We are predicting Tanzanian Water Wells into three classifications:
- Functional
- Non-Functional
- Functional, Needs Repair
I will be going through a variety of models using the data I was provided and try to choose the best model out of all of them. I want to submit my predictions to the competition here . I will be editing and updating my models when possible in order to get the best score I possibly can. The information we gain from our predictions will help with resource management and maintenance so that the people in Tanzania have access to clean water when they need it.
The data provided is from Taarifa and the Tanzanian Ministry of Water. There are a few things to note about the data.
- 59,400 entries with 40 entries.
- The classification for each entry is in a separate csv.
- There are potentially a lot of null values depending on the column we consider.
- Some of the columns provide the same or very similar information.
- After going through the test values for our submission, some of the categorical values are not the same and I will have to factor this in at a later point when editing.
There is a significant amount of cleaning we need to do. We will also have to consider which columns to keep depending on the information provided and if other columns provide the same or similar information.
After cleaning and encoding categorical variables, I will begin building models. I will make a train-test-split once for cross validation. Then, on my training set, I will perform another train-test-split. This is so I can try to minimize any influence our test set would have on our model. I will make the following models and ensemble methods:
- K-Nearest Neighbors
- Naive Bayes
- Random Forest
- Bagging
- Extra Trees
- XG Boost
I will also use SMOTE to help with balancing classes since there is a huge imbalance with wells that are classified as needing repair. I will also run a grid search to hyperparameter tune.
My best model appears to be a Random Forest Model after using SMOTE to balance classes equaly. Here are the current metrics and confusion matrix. My confusion matrix includes the precision of our predicted values. A quick breakdown:
- Precision: Ratio of our correct guesses to the total guesses for that category.
- Recall: Ratio of our correct guesses to the total actual values for that category.
- f1-Score: Balance between our precision and recall, and gives a better measure of how our model is doing. The closer it is to 1, the better our model does for predicting that classification.

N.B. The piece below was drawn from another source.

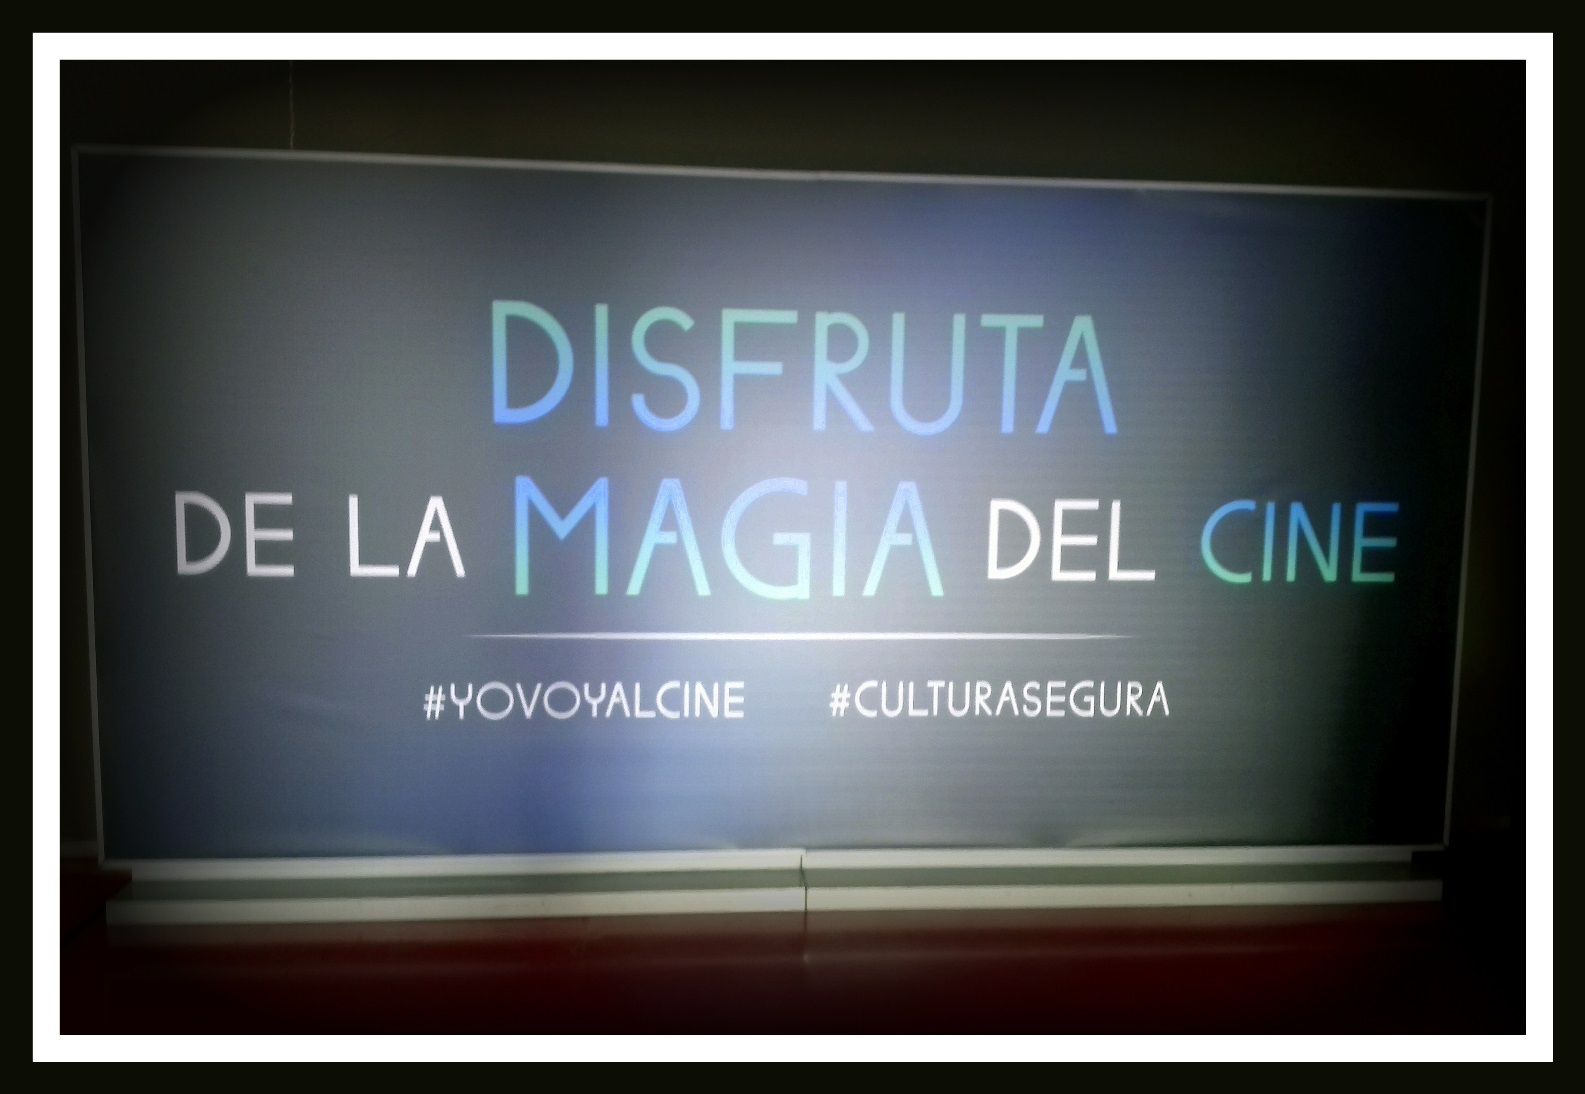 Cartel Magia Cine-Yo voy al cine

For a more in depth explanation of these metrics, go here .
precision | recall | f1-score | |
---|---|---|---|
functional | 0.81 | 0.87 | 0.84 |
needs repair | 0.49 | 0.32 | 0.39 |
non functional | 0.83 | 0.78 | 0.80 |
The X-axis is what our model predicts, and the Y-axis is what the actual value would be. The diagonal of this confusion matrix tells us the precision of our classifications.
Here are the top 10 features my model is using to make classifications.
Here I explore some of the features my model uses to predict our classifications.
This gives us a quick look of how each classification is spread in Tanzania. A significant amount of wells that are non-functional are not only in highly populated areas, but also in areas that are along the borders or in more remote areas.
This gives the percentage of wells that are non-functional for each well type.
This gives the percentage of wells that are non-functional for each water qunatity group.
This gives us the top 5 well installers in Tanzania and the percentege of wells they made. The Department of Water Engineer(DWE) have made almost 60% of all the wells in Tanzania.
I want to continue editing the dataframe and which columns are considered. I would love to engineer where possible. A feature with longitude and latitude would be my first choice, most likely creating a center point on the map and seeing how the distance from this point impacts the prediction of the well's condition. I also want to take a better look at some of the features and find a better way to categorize the values. For example, the installer feature has a large amount of unique installers, many of which have only built one well. I want to find a better way to categorize them and perhaps avoid using other since that may become the majority class after combining them all. I would also like to continue to hyperparameter tune to get a better estimator for my model.